(Excerpts from a dataset)
*****

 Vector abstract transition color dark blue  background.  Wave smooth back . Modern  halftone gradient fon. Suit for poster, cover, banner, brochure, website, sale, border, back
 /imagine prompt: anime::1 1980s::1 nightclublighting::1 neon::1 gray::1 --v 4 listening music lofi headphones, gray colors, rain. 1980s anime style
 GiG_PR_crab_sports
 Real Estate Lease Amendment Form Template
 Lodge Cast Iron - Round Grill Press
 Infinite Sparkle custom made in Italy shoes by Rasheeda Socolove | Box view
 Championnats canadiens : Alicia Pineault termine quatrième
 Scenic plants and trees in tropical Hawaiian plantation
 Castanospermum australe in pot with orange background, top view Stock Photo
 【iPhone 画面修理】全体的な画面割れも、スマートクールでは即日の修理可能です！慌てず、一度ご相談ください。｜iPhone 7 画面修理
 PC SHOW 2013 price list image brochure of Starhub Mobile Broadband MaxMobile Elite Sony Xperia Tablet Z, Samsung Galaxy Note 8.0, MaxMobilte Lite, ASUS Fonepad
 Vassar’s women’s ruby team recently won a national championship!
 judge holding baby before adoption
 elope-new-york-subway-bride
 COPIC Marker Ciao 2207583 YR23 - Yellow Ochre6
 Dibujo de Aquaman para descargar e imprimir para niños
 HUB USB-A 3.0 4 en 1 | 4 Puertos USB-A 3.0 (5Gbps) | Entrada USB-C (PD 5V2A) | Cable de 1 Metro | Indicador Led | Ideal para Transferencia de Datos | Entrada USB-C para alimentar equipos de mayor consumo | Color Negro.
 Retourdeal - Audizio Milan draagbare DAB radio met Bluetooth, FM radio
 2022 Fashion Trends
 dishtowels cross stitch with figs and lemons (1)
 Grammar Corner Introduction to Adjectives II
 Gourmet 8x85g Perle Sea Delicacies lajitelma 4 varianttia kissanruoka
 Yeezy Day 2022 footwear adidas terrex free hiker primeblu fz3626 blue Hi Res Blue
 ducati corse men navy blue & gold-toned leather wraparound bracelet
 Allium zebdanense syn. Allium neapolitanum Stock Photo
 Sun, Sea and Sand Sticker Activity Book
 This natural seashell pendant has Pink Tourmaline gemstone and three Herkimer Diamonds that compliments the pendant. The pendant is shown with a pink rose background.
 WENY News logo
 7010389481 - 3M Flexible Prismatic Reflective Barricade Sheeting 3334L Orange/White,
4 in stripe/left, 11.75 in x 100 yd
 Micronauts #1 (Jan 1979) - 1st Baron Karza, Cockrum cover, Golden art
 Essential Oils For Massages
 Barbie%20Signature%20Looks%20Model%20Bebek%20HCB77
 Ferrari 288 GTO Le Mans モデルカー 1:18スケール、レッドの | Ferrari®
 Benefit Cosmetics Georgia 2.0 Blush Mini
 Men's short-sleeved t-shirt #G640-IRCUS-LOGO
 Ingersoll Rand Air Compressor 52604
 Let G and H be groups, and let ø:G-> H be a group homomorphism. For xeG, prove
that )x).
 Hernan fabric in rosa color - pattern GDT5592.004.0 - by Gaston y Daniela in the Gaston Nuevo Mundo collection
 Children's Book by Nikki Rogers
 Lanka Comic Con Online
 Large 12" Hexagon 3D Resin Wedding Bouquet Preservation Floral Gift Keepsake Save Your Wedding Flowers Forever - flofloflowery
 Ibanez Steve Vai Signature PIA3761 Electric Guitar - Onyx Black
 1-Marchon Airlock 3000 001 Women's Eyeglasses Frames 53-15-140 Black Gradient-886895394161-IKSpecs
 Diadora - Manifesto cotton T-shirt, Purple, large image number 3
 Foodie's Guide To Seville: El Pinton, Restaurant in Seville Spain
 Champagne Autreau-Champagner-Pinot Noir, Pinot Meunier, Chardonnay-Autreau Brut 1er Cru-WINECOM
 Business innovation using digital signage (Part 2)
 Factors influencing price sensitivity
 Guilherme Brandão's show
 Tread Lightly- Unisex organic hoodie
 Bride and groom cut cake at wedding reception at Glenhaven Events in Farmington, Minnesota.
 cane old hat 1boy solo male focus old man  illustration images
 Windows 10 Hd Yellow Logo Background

*****

- **Requirement**:
Filter the entries down to the lines with the word "Black" in them.

- **Written answer**:
 Ibanez Steve Vai Signature PIA3761 Electric Guitar - Onyx Black
 1-Marchon Airlock 3000 001 Women's Eyeglasses Frames 53-15-140 Black Gradient-886895394161-IKSpecs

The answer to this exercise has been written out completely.